### Required action:
Starting at the line with "Географія ЗНО 2022.", copy each line through the last one below exactly as written, without any pictures.

### Dataset excerpt:
----------------

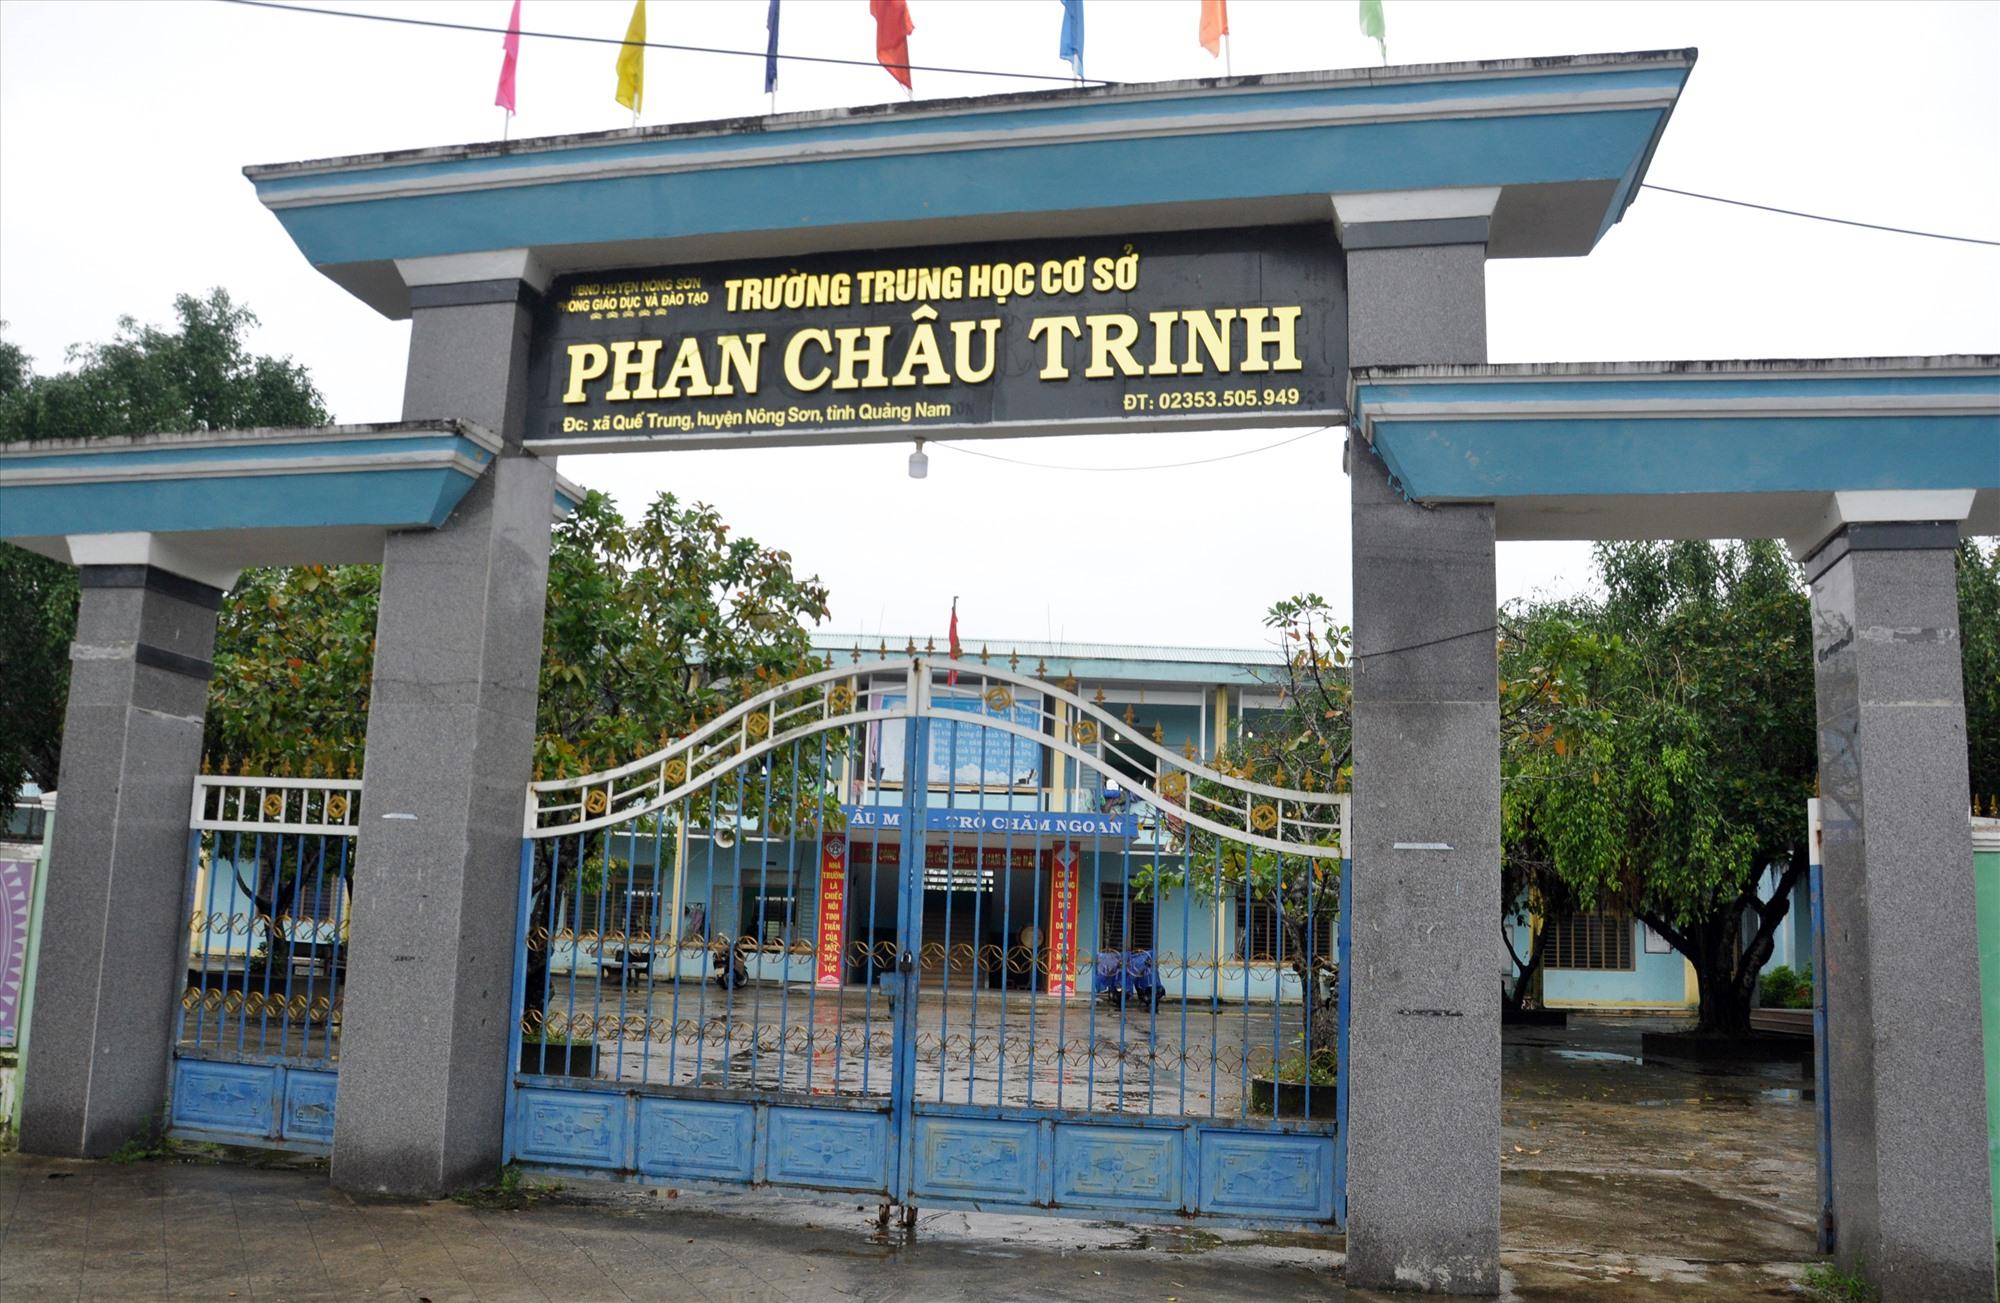 Trường THCS Phan Châu Trinh - nơi cô Ngô Thị Liên Hòa giảng dạy. Ảnh: X.P
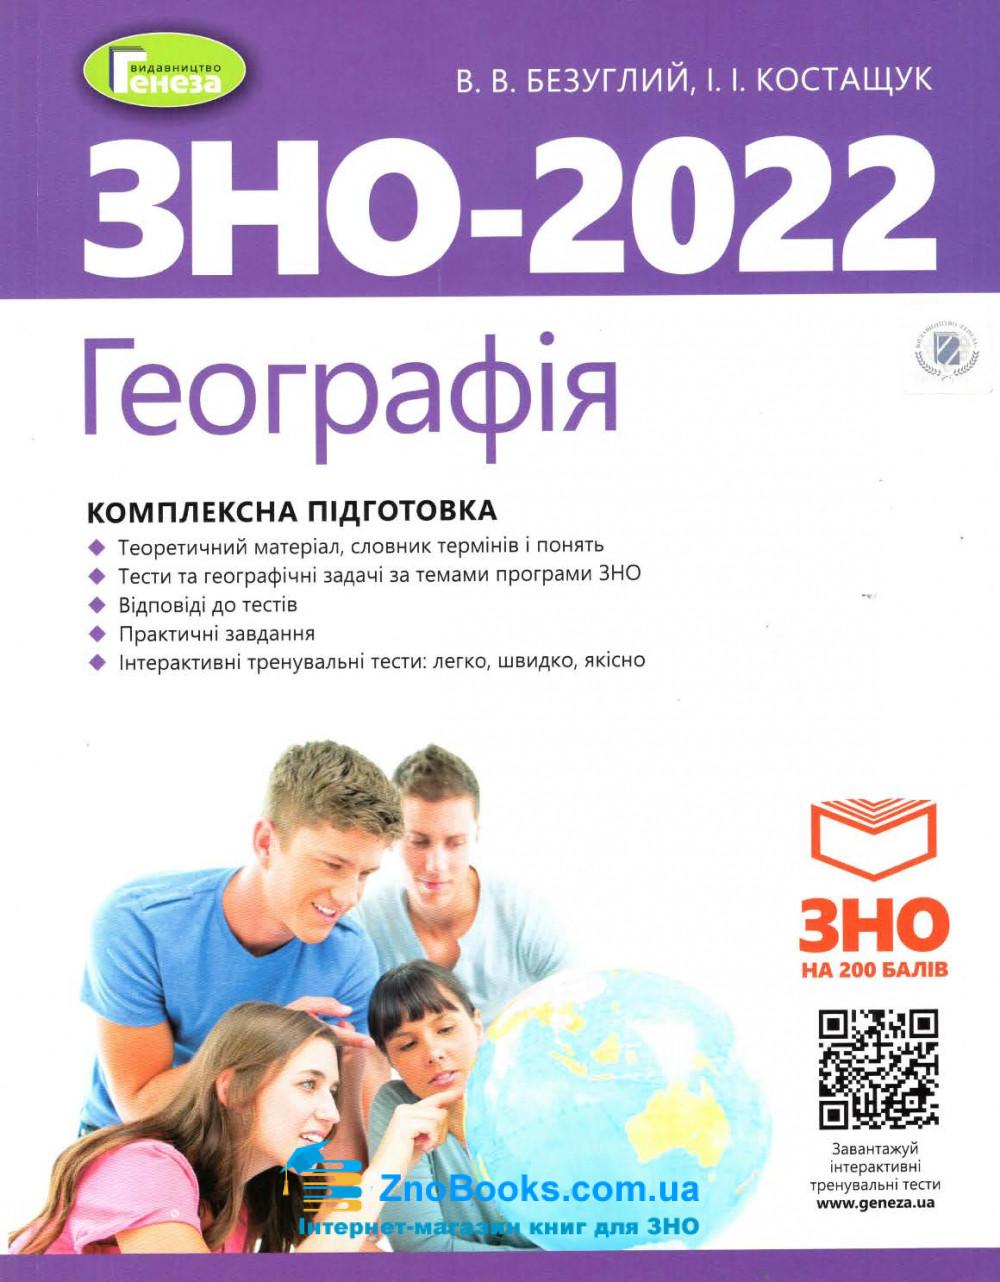 Географія ЗНО 2022. Комплексна підготовка + онлайн тренування : Безуглий В. Костащук І. Генеза. купити 0
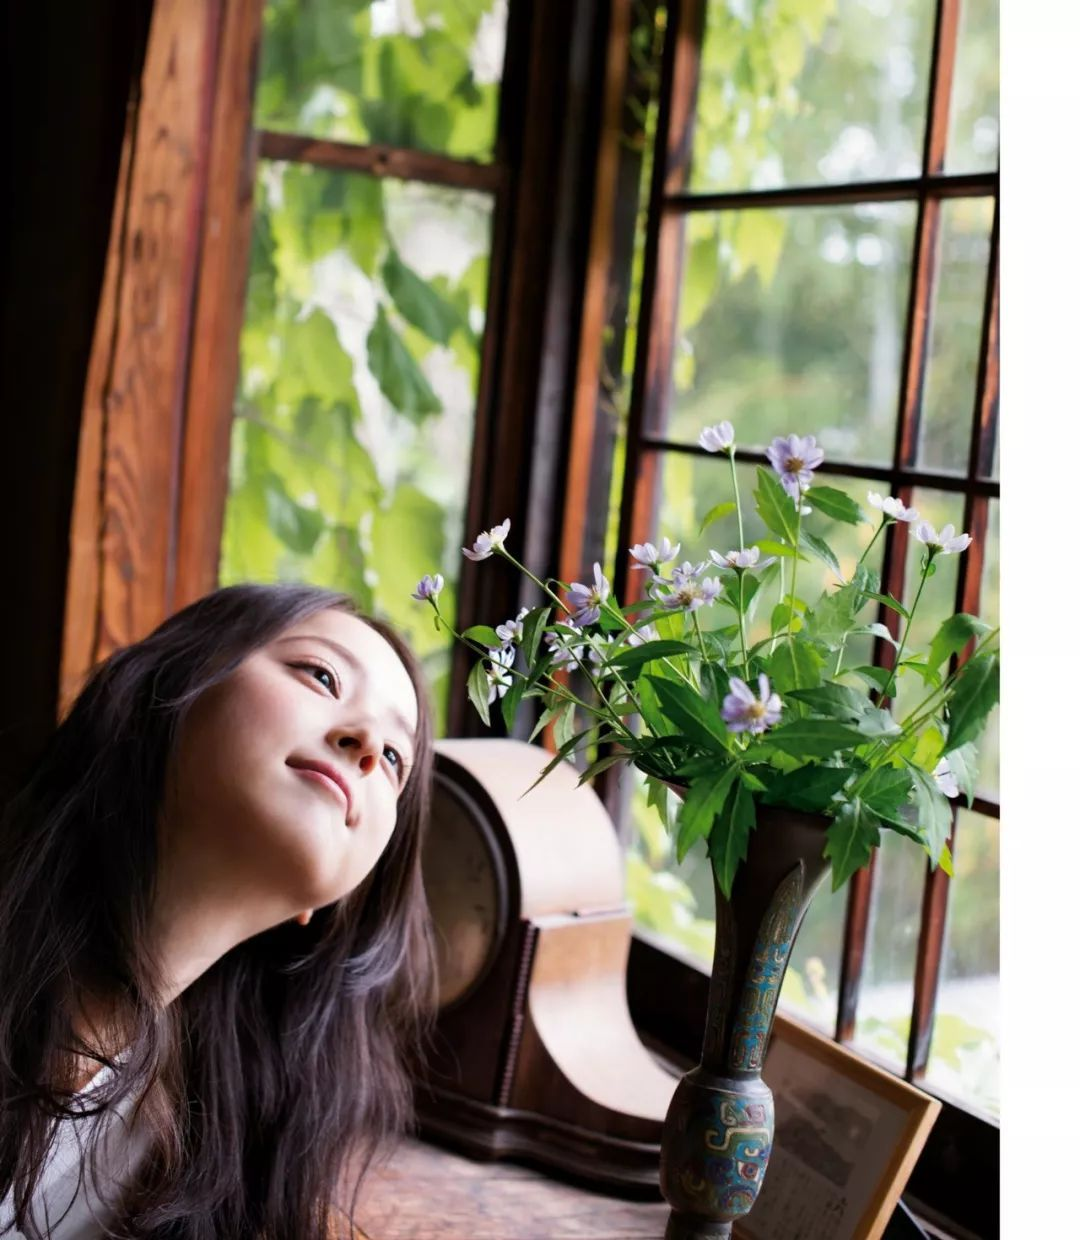 「佐佐木希」天使的秘密 「佐佐木希」壁纸你们喜欢吗? liuliushe.net六六社 第6张

----------------

### Response for this exercise:
 Географія ЗНО 2022. Комплексна підготовка + онлайн тренування : Безуглий В. Костащук І. Генеза. купити 0
 「佐佐木希」天使的秘密 「佐佐木希」壁纸你们喜欢吗? liuliushe.net六六社 第6张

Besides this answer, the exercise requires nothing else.